Another proposed option is the integration of a dedicated distance sensor for measuring the distance between the tissue and imaging device. However, a distance sensor also represents another component that drives up the costs of the device and could make the device larger or more unwieldy.

The distance problem is circumvented when a reference region (RR) and a region of interest (ROI) are defined, and a relative value for the ROI in comparison to the RR is measured. However, this requires that a reference region is available within the field of view (FOV). Even if a reference region is available, it could have a different distance to the imaging device than the ROI.

SUMMARY

Accordingly, an object is to provide a robust and structurally simple solution for quantitative fluorescence signal measurement.

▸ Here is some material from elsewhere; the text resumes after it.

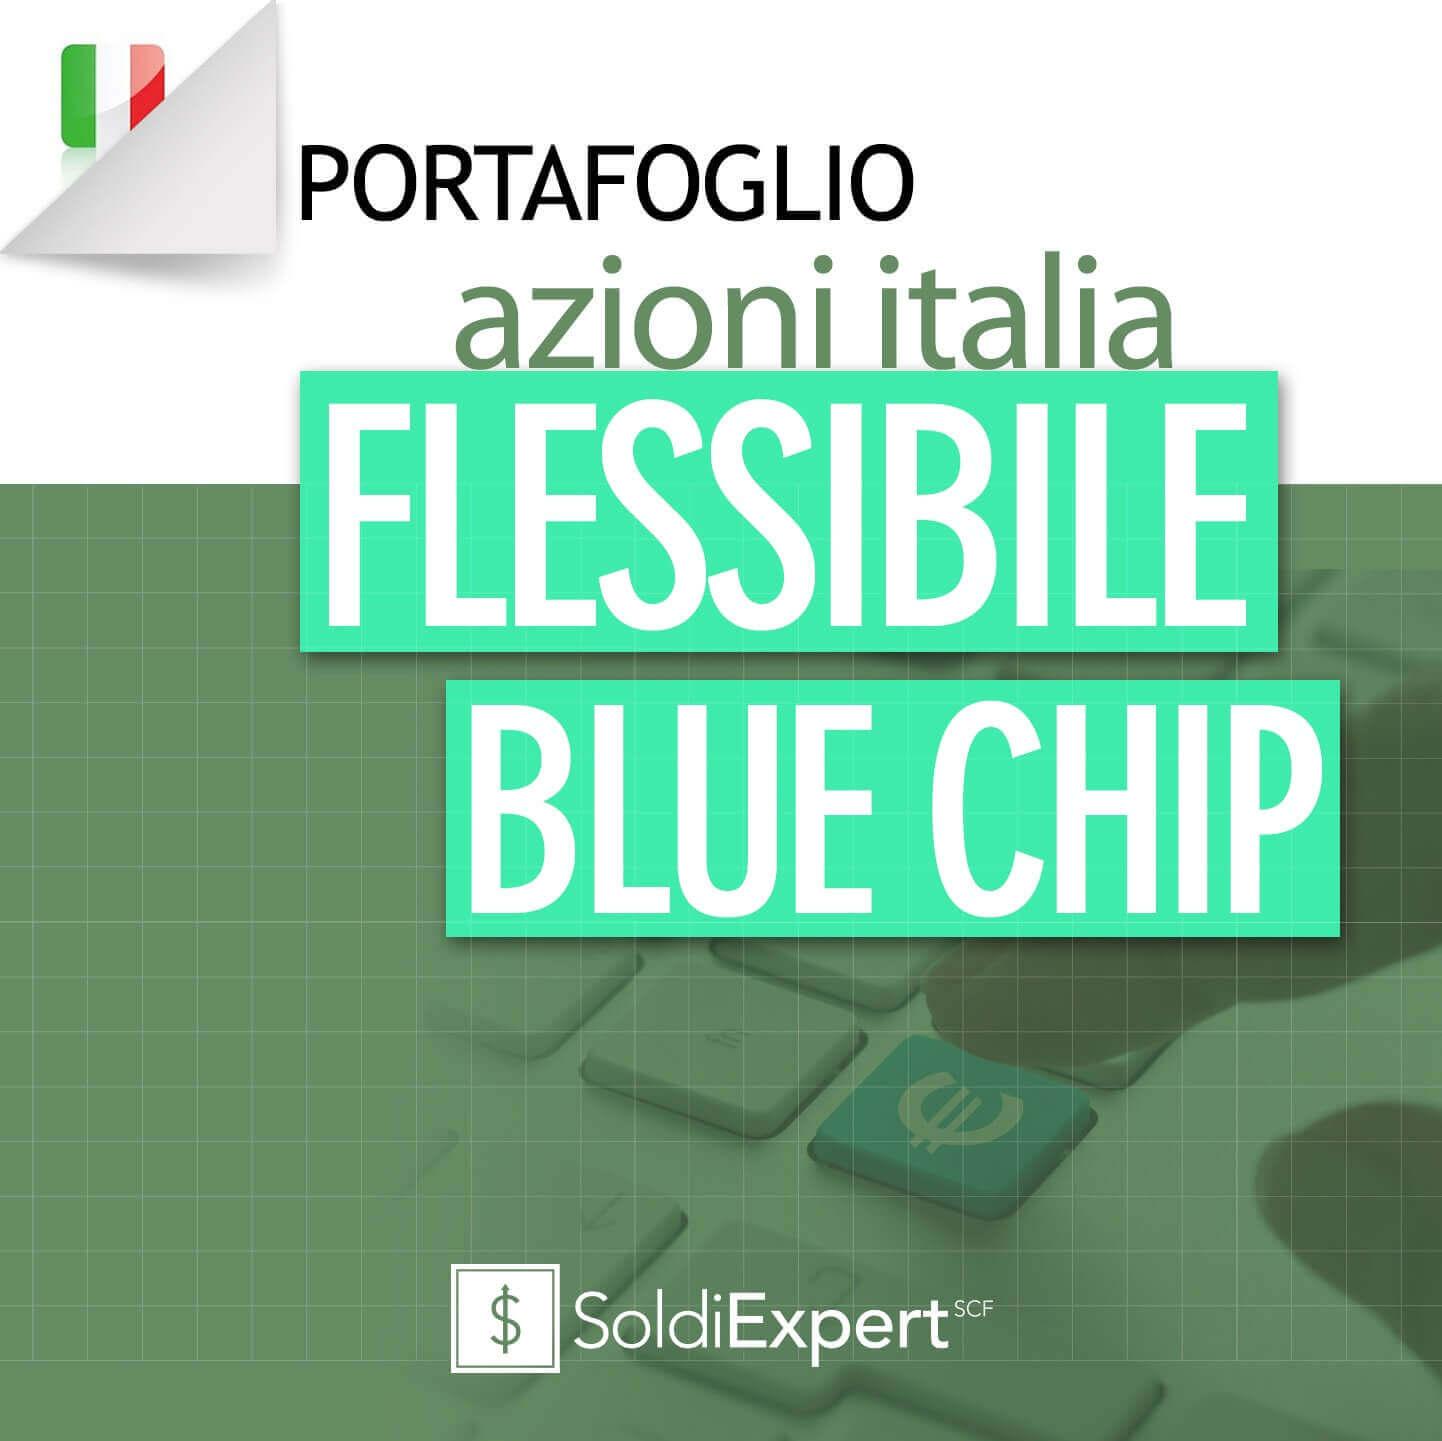 b714c22747 Flessibile Blue Chip | SoldiExpert SCF

Such object can be achieved by a method for the stereoendoscopic measurement of fluorescence in a tissue to which a fluorescent agent has been added, wherein a stereo-optical system of a stereo videoendoscope is directed toward a region of the tissue to be investigated, and the fluorescent agent is excited by means of an excitation light to emit florescent light that is detected by the stereo-optical system of the stereo videoendoscope in a pair of stereoscopic images, or a sequence of pairs of stereoscopic images, wherein using an optical disparity of at least one pattern arising in the stereoscopic image pair or the stereoscopic image pairs, a distance of the tissue from the stereo-optical system is determined by using the stereo base and the stereo angle of the stereo-optical system of the stereo videoendoscope, and the fluorescence signal is normalized with a normalization factor depending on the determined distance.

A pattern is understood to be a structure that is contained in both images of the stereoscopic image pair, and is recognized as the same structure so that a determination of disparity is possible.

Many optical systems that are used for medical imaging are stereoscopic devices (such as WA50082A, LTF-S190-30, OrbEye). In a stereoscopic system, it is possible to determine observation distances based on the optical disparity. To accomplish this, one or a plurality of feature points can be detected in the image. By referencing these feature points in the left and right channels of the stereoscopic system, the disparity (offset of the two points in the imager coordinate system relative to each other) can be determined. Based on the known 3D parameters such as the stereo base and stereo angle, the distance of the feature points to the imaging device can be determined. The distance determined with a 3D system from the analysis of the disparity can be used to compensate for the fluorescence signal at different observation distances.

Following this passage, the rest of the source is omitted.